Hong Kong teenager Sum says he lives a double life.
In school he presents as a dutiful student, happy to learn a new “patriotic” curriculum and stand to attention at the now regular flag-raising ceremonies he must attend.
But when class ends the 16-year-old often heads to the courts to support friends being prosecuted for national security offenses.
“I can pretend to be a loyal patriot,” he told AFP after one recent hearing. “But I will also guard my heart by building both my body and my mind.”
Sum’s friends are part of a group of seven—including four minors—who were charged earlier this year with “inciting subversion” after authorities said they were discovered in possession of explosives and materials with pro-independence slogans.
The group includes a 15-year-old girl, the youngest person to be charged under a national security law that Beijing imposed on Hong Kong after huge and often violent democracy protests swept the city two years ago.
Youngsters played a key role in those protests, as well as earlier democracy rallies in 2014 and 2012.
Of the more than 10,000 people arrested during the 2019 unrest, nearly 40 percent were students.
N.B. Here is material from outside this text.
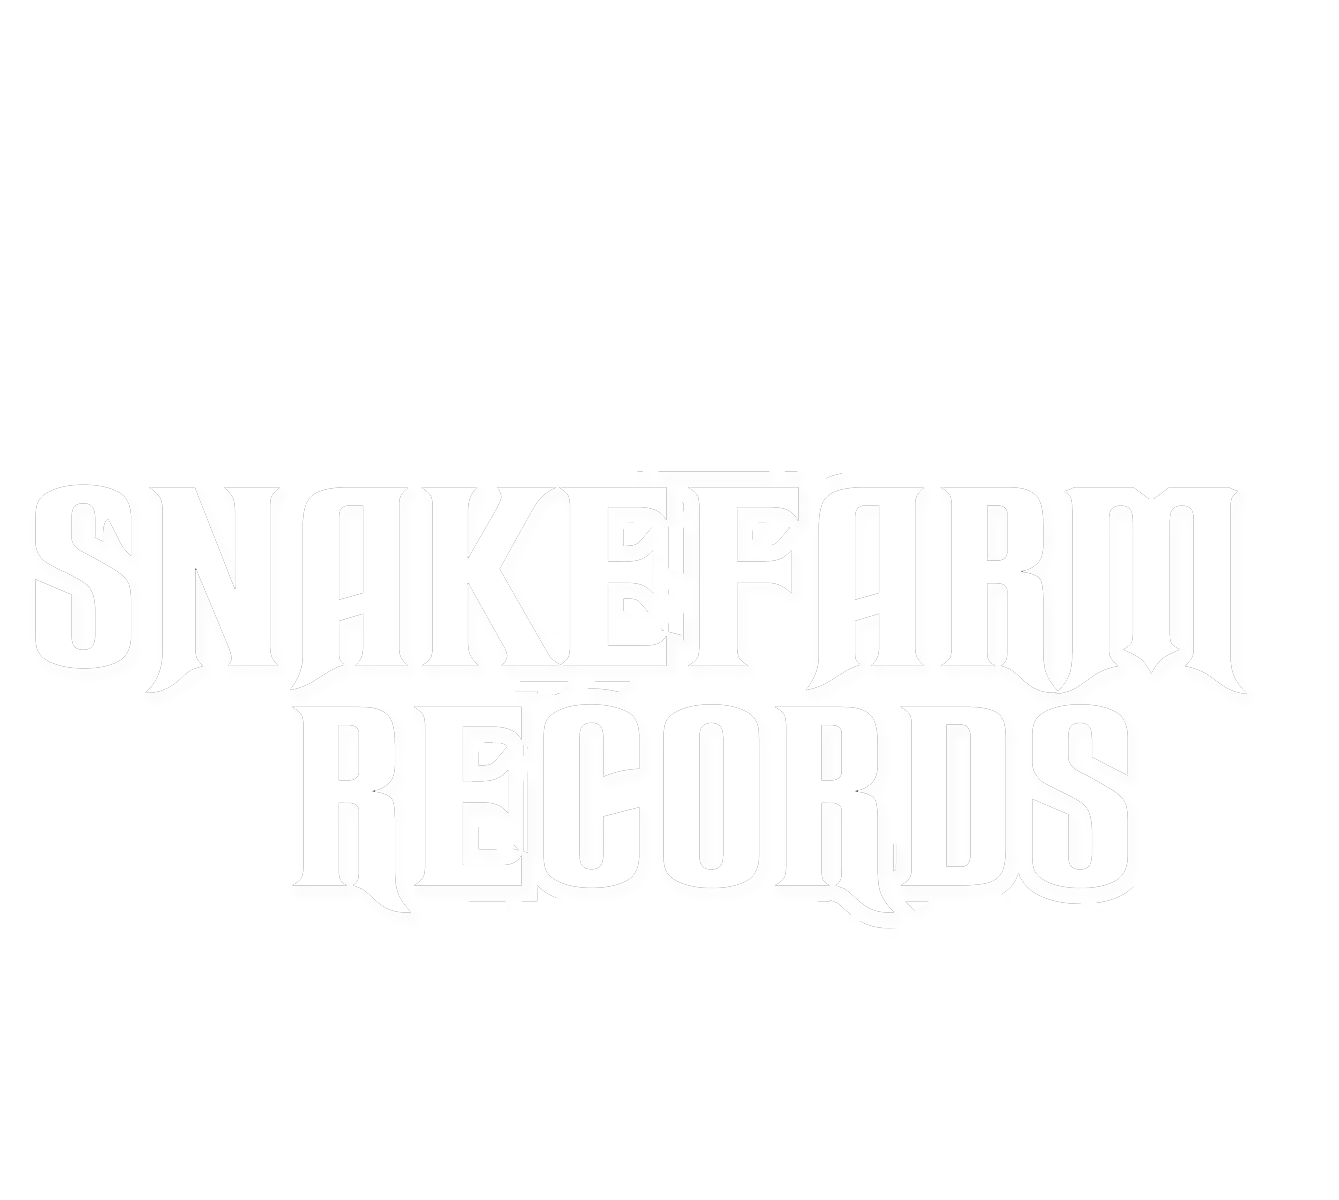 Snakefarm Records

Over 1,100 students have since been prosecuted, many of them serving time.
Beijing has dismissed the democracy movement, portraying it as an insidious “foreign plot” to destroy China, and says a lack of patriotic education allowed Hong Kongers to be misled and radicalized.
China has since moved to incubate loyalty within Hong Kong’s 960,000 students, part of a wider campaign to remold the once outspoken city in the authoritarian mainland’s image and root out dissent.
“Students educated in Hong Kong must not turn into individuals who only have a Chinese face but do not carry a Chinese heart,” senior Chinese official Tan Tieniu said in a speech earlier this year on education reform.
Hong Kong authorities have rolled out new curriculums for students aged six to 18 to teach them about the four new national security crimes —subversion, secession, terrorism and collusion with foreign forces.
One explainer video released by the Education Bureau earlier this year featured a cartoon owl.
Authorities are also reforming the curriculum for “Liberal Studies”—a class that government loyalists partly blamed for the protests—and have renamed it “Citizenship and Social Development.”
Hong Kong’s universities have been ordered to prepare their own national security courses.
Two of them, Baptist University and Hong Kong Polytechnic University, have made the courses a graduation requirement.
Mary, a 19-year-old Baptist student, said she recently attended a two-hour compulsory lecture given by a barrister who flew through a 260-page presentation filled with dense legalese copied from government documents and court judgements.
Students were told that any more than a 15-minute absence from the lecture would count as non-attendance.
She then had to pass a national security quiz within 21 days in order to graduate but repeatedly failed.
“I was given different questions every day and I was never told what mistakes I made every time I failed the quiz,” she told AFP, asking for her last name not to be used.
One of the questions on the test, which AFP has seen, asked students whether a fictional character called “Mr Breach” had committed an offense under the national security law by holding a banner that read: “Let’s end the reign of the single party.”
Students were asked to choose between no offense, incitement to subversion, incitement to secession, or treason.
They had to guess 15 out of 20 multiple choice questions correctly to pass, which Mary eventually did.
The University of Hong Kong, the city’s oldest, has yet to introduce its national security course but students describe a new culture of academic fear on campus.
“I would say resentment is simmering inside but we dare not speak out,” Zack, a first-year HKU student, told AFP.
“Many, many people have been arrested. The purge is really effective,” he said, referring to dozens of democracy figures charged with national security crimes over the last year.
Multiple universities, including HKU, have severed ties with their student unions who were vocally supportive of the democracy movement.
Zack said he used to organise student concern groups in secondary schools during the 2019 protests.
He has since distanced himself from political activities and even stopped watching news.
“My last hope is that the next generation can still tell wrong from right,” he said.
“But honestly I can do nothing to help them. I won’t have any children as long as I have to live in Hong Kong.”